Я не просил. И не собирался брать. Но как-то очень скоро выбрался из своих белых альфа-самцовых джинсов и оказался у нее. С ней. В ней.
Да, мой скромный ангел.
Даже и не знаю, был ли это акт милосердия — и если был, то с чьей стороны?
На прелюдию ушло двадцать минут.
«Я хотел бы несколько дней пожить здесь», — сказал я.
«Что-то случилось?»
«Конечно, случилось, — сказал я как мог равнодушнее. — Только не допрашивай меня, хорошо?»
«Я не допрашиваю тебя!»
«Да? Как тогда это называется?»
«Что именно?»
«То, что сейчас происходит».
«То, что сейчас происходит. Гораздо менее важно. Чем. То. Как это происходит».
Ей казалось, что она произнесла это раздельно и увесисто, будто заколачивала гвозди в обшивку дубовой двери. На самом деле ее голос дрожал и дребезжал, как в рваном динамике дворовой магнитолы. Под конец там даже что-то хлюпнуло, в этом динамике, и что-то во мне дрогнуло в ответ.
А затем она удалилась в спальню. С явным намерением там разреветься.
Я не могу терпеть, когда взрослые женщины плачут. Это странный рефлекс, темный силуэт из заповедных закоулков детства, и ты будешь особенно милосердным, мой ангел-хранитель, если не станешь мне напоминать, отчего так случилось.
Говоря проще, я отправился следом. И помешал ей плакать.
Сделать это совсем нетрудно, если подойти сзади и обнять за — еще вполне обнимаемую — талию, прижаться белыми джинсами к ее халатику — и просто постоять вот так.
А потом все будет легко.
Главное — не смотреть ей в глаза.
Я давно замечал у стареющих женщин этот взгляд. Сперва виноватый, потом бесстыдный. И всегда чересчур многозначительный.
Будто все предыдущие ее мужики во время секса стоят за ее спиной. Незримо присутствуют. Укоряют, а может, подают советы.
Любовь стареющей женщины всегда имеет привкус измены. Она изменяет с тобой одним — всем этим фантомам, всем сразу. Или изменяет тебе — с ними со всеми?

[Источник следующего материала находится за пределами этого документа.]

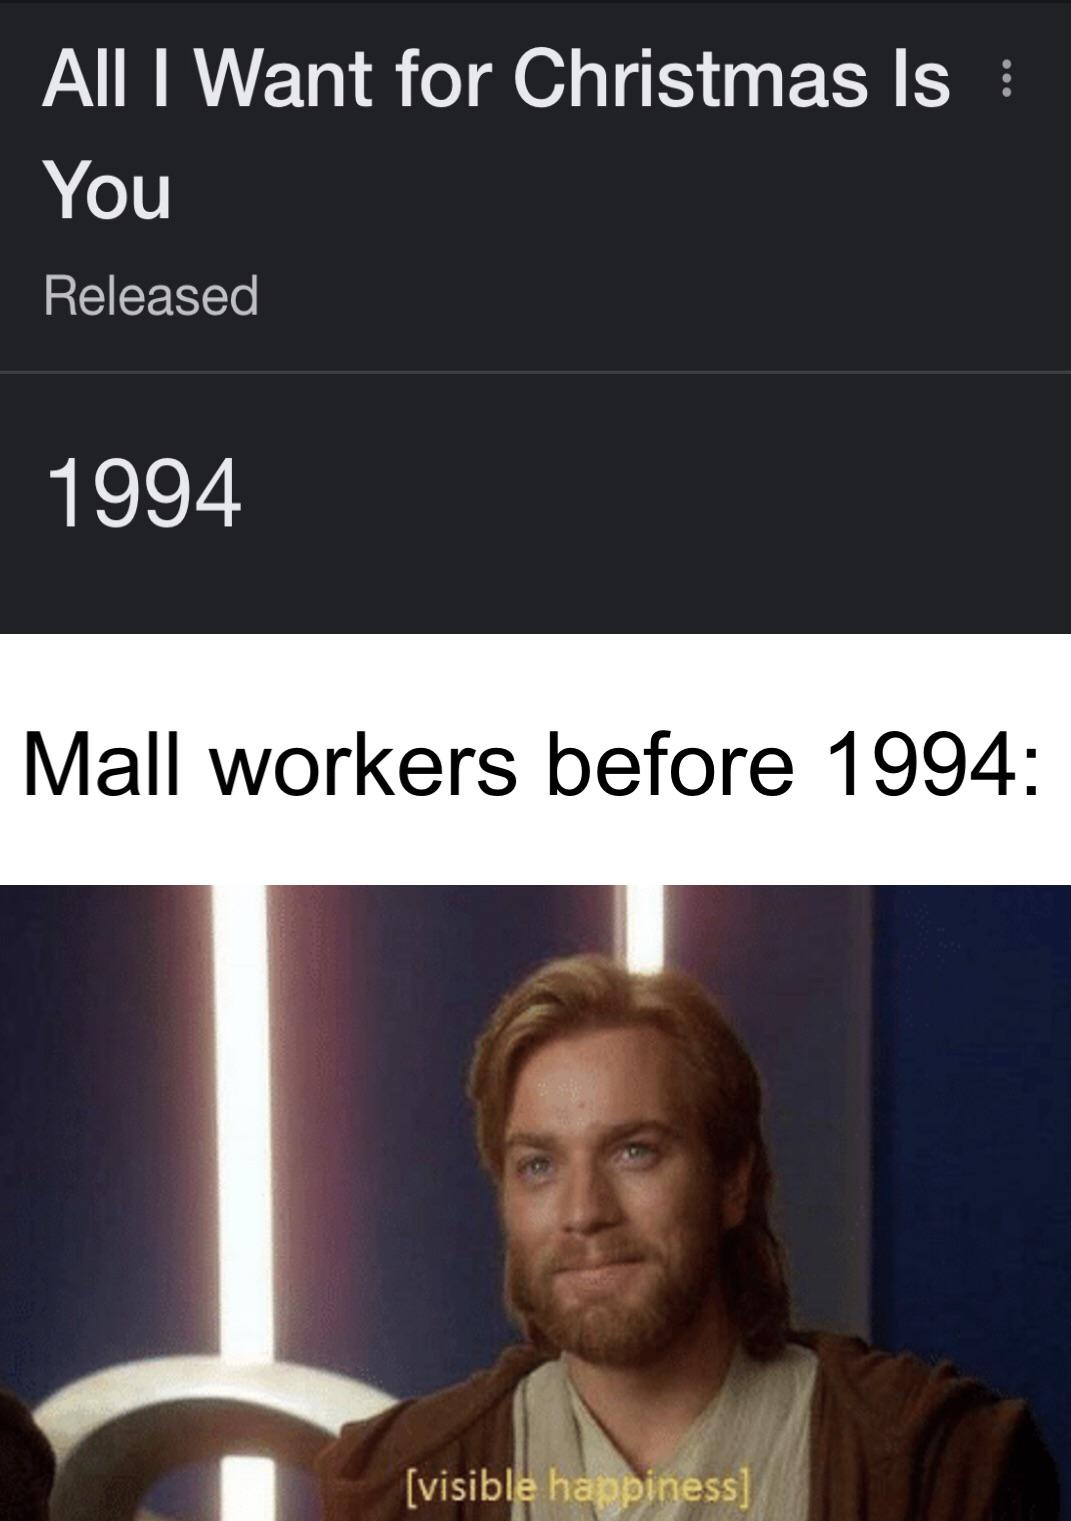 dank memes and funny pics - photo caption - All I Want for Christmas Is You Released 1994 Mall workers before 1994 visible happiness

Надо полагать, это чертовски приятно. Но я люблю не это.
А что мне нравится? Сказать?
Да, мой скромный ангел-хранитель. Перемотай еще раз стенограмму всего происходящего.
«Ох. Опять… Кельвин».
«Да. Фаренгейт. 450 по Фаренгейту».
«Тысяча. Кельвинов. В глубину».
«И вот еще один».
«Нет. Скажи. Скажи мне».
«Что. Ты. Хочешь. Услышать?»
«Что. У тебя. Никого. Нет».
«Нет. Нет. И еще один раз. Нет».
«О-о. Мой мальчик… в белом Кельвине…»
«Твой мальчик?»
«Мой».
«Господи. Повтори».
«М-мой мальчик».
«М-мамочка», — вскрикнул я. Или простонал. Или проскрипел зубами.
Мне хотелось умереть. Я точно знал, что умру когда-нибудь вот так же — в тот миг, когда защита ослабнет, и мне будет больно, больно, больно, и ты, мой ангел, уже не сможешь обнять меня своими крыльями, — сделай это, сделай это поскорее, сделай это прямо сейчас, — вот так.
Какой ты милый.
Между прочим, я кончил.
* * *
Я тщательно завязал шнурки. Хлопнул дверью. Этой идиотской железной дверью с тяжелыми задвижками, с броней из крупповской стали.
Баммм.
Теперь они знают все про своего альфа-самца. А-л-ь-фонса в итальянских ботинках ручной сборки и в горчичном пиджаке. Своего Любимого. Своего Его.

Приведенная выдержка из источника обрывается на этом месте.